Which may in and of itself not be such a great thing after all. A feeling of accomplishment, yes, but partly because of a function of society’s high value on intercourse & penetration.
Partly it was on me though since I really wanted to be able to do that.
And with virginity, when we leave it to hetero PIV sex only, it erases queer sex. It also de-values other kinds of sex that anyone can have. Some of my girlfriends in high school had had sexual activity but still considered themselves virgins because they had not had intercourse. It was very important to them to keep their virginity until marriage. Only PIV sex counted.
There’s one other angle though… I have vaginismus too.
With vaginismus, I know some girls and women who have it, and they are still virgins. They either have not had any sexual activity at all for one reason or another – maybe they haven’t felt comfortable entering into a relationship until they are able to insert something into their own vaginas, or maybe they are in a relationship but still struggling to have PIV sex.
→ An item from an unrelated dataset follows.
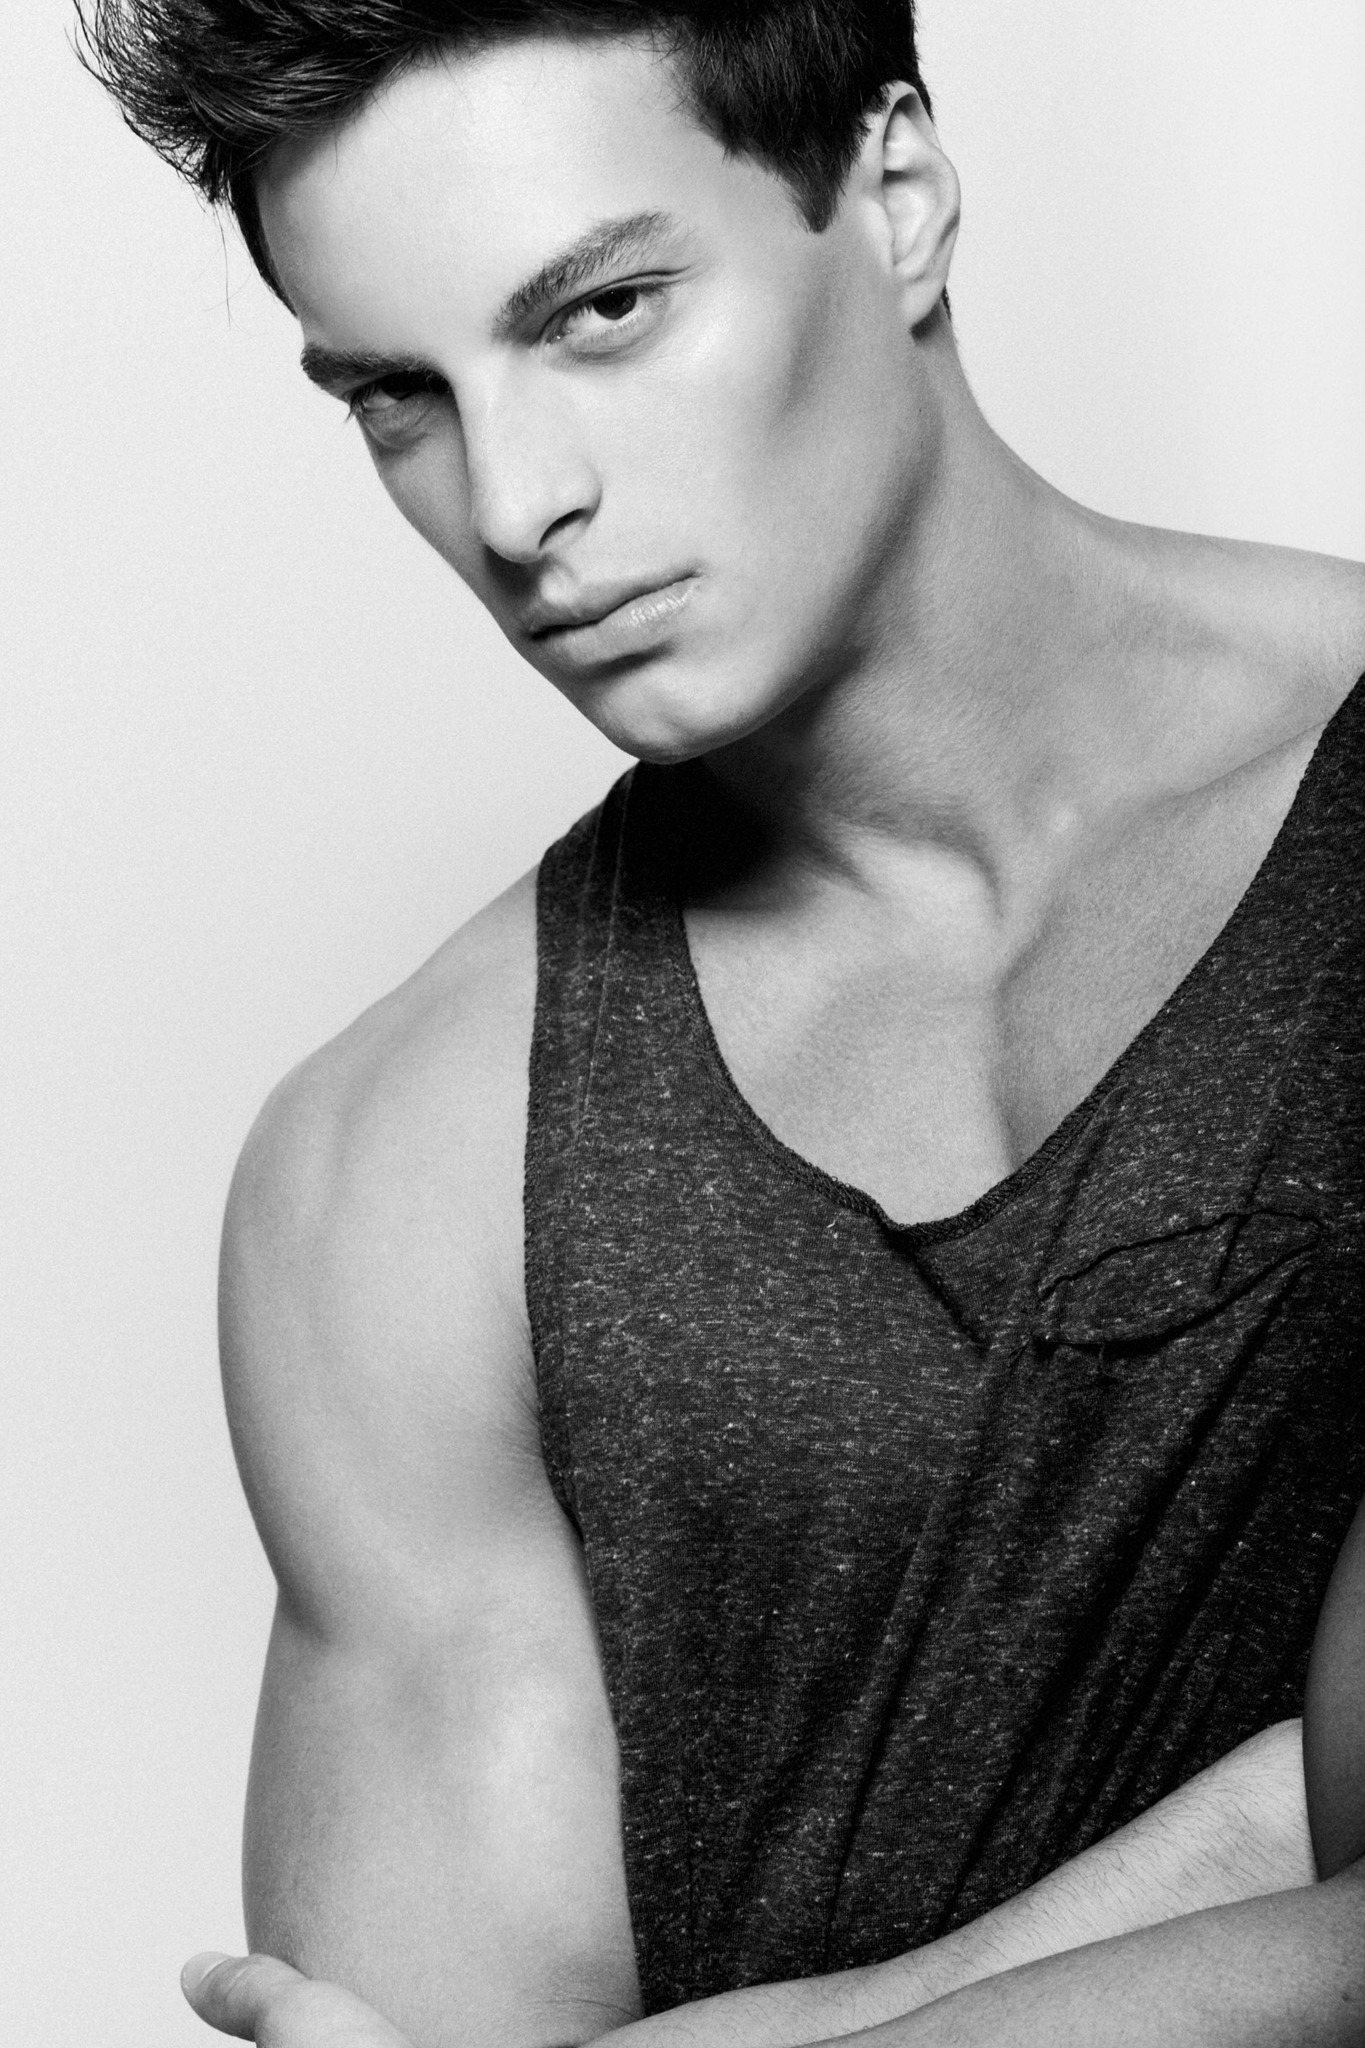 nyc-photographers-male-model-test-10027.jpg

There’s not a lot of books dedicated solely to vaginismus but I’m actively seeking out an old out of print one… I think this is it, Virgin Wives. As of right now, as far back as I’ve gone this is the first book dedicated to exploring vaginismus.
And from what I read, it had some problems. I *need* to see the full text to be sure but I’ve checked this out on other sources and the author said something like,
There are archetypes of women who have vaginismus. Women with vaginismus may be either Sleeping Beauty, a passive woman who awaits a sexual awakening performed by prince charming. Or,
There’s another archetype – I’m not sure if the author put this idea forth or if it came later, but the other type of woman with vaginismus is Brunhilde, the viking warrior woman valiantly struggling to defend your virginity at all costs.
Great. Lovely. Archetypes. So I have vaginismus, which one is me? What does that even mean?